Author and pastor Lee Strobel warned this week during a two-hour interview with Tucker Carlson that Satan and the demonic realm likely work through Hollywood and mass media to corrupt society by normalizing evil while many fail to notice.
“If demons do exist, we ought to be heads-up about it,” said Strobel, who recently wrote the book Seeing the Supernatural: Investigating Angels, Demons, Mystical Dreams, Near-Death Encounters, and Other Mysteries of the Unseen World.
“Because the two biggest mistakes we can make about the demonic realm: number one, is to deny that they exist; and number two, to see a demon behind every bush and think they’re more powerful than they are.”
“They’re both problems, but I think the biggest problem in our culture is to deny that there is a demonic realm, pretend like there isn’t,” he said.
There’s a lot that science can’t explain, including most of what actually matters. Lee Strobel on the overwhelming evidence that the supernatural world is entirely real.
(0:00) Introduction
(3:02) Strobel’s Encounter With an Angel
(8:30) Do We Have a Guardian Angel?
(19:31) What… pic.twitter.com/0WsNeb1sBW— Tucker Carlson (@TuckerCarlson) September 1, 2025
Strobel, a former investigative journalist who famously wrote the bestselling book The Case for Christ, went on to describe what he sees as the satanic strategy to co-opt the widespread influence of mass media and entertainment by mainstreaming sin in society.
“If Satan were smart, which he is, would he go around the country and around the world trying to possess or bother average, everyday people?”
Strobel said a “much more efficient” strategy is to “go to Hollywood and to influence a bunch of people there who are very influential in, let’s say, the entertainment industry.”

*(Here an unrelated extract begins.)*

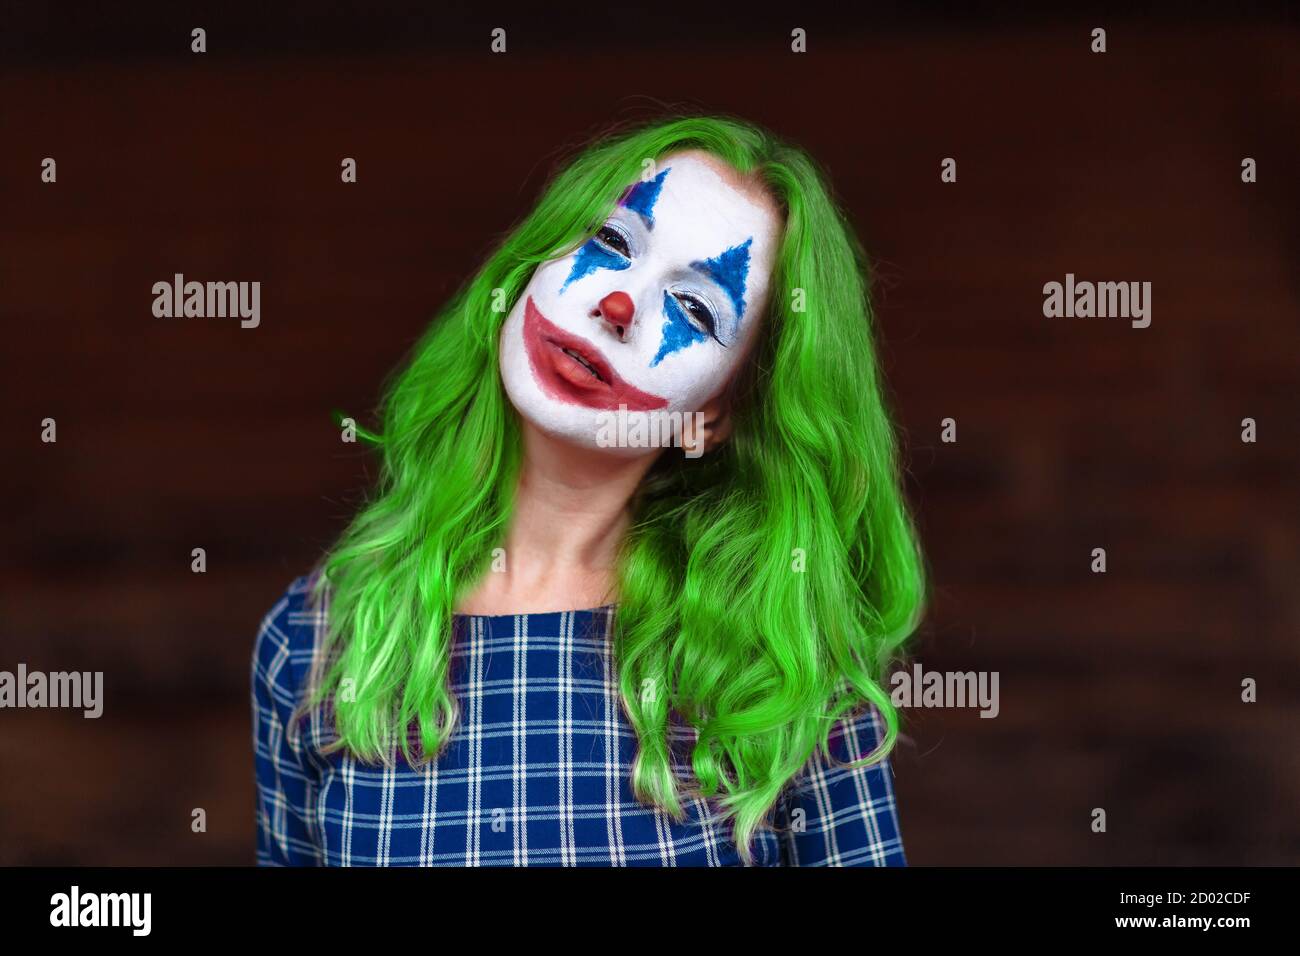 Incredible Compilation of 999+ Girl Joker Images in Stunning 4K Resolution

“And let’s say he encourages them to create films and television shows that are funny and that are creative and they’re fun, but there’s an underlying message to them, that there’s a normalization of immoral activity.”
When audiences are laughing, Stroble argued, their guards are down and more susceptible to suggestion.
Strobel pinpointed the hit 1990s sitcom Friends as an example of a show that glorified “a very ugly sexual ethic that normalizes multiple sexual partners and that sort of thing — the kind of thing that Satan would love to inculcate into American culture.”
Friends, which ran from 1994 to 2004, featured six friends in their 20s and 30s living in New York City, and often uncritically depicted the characters engaging in casual relationships and hookups.
Such a tactic is not limited to sexual immorality, Strobel said, but extends to other sinful, destructive behavior.
“I think it’s much more efficient for Satan to influence moviemakers and TV makers in Hollywood to create products that feed us stuff that, without us even realizing it, open us up to the occult, open us up to immoral activity.”
Carlson, who said he knows people in Hollywood, noted the bitter fruit of how such a worldview has affected many in the entertainment industry personally, whom he described as “really tormented people” with “a string of wrecked relationships, kids who hate them, trans kids, drug problems.”
“It does seem to match up,” Strobel said of the expected personal consequences for embracing the ungodly behavior Hollywood often promotes.
Carlson, who spent his last months at Fox News often talking about spiritual topics, has previously reflected on what he came to believe was the negative spiritual impact of mass media and cable news especially.
During a conversation with former fellow Fox News host Clayton Morris in June, Carlson explained that he came to believe channels such as Fox News inculcate a callous attitude among the elderly toward war that he believes is evil.
Speaking in the wake of the U.S. strike on Iran, Carlson said many of the older people he recently came in contact with adamantly wanted war, which he found disturbing.
“In the last month, like every old person I come into contact with [says], ‘Let’s just kill them.’ Like thoughtlessly, ‘Just kill people.'”
“And it’s like, ‘You’re going to face judgment really soon. Should you really be calling for killing people in your final days here?’ I always think that, I never say it, but why is that?”
“And I do think it’s, at least in part, the result of watching this filth,” he added. “And it is filth. It’s worse than pornography. It’s disgusting.”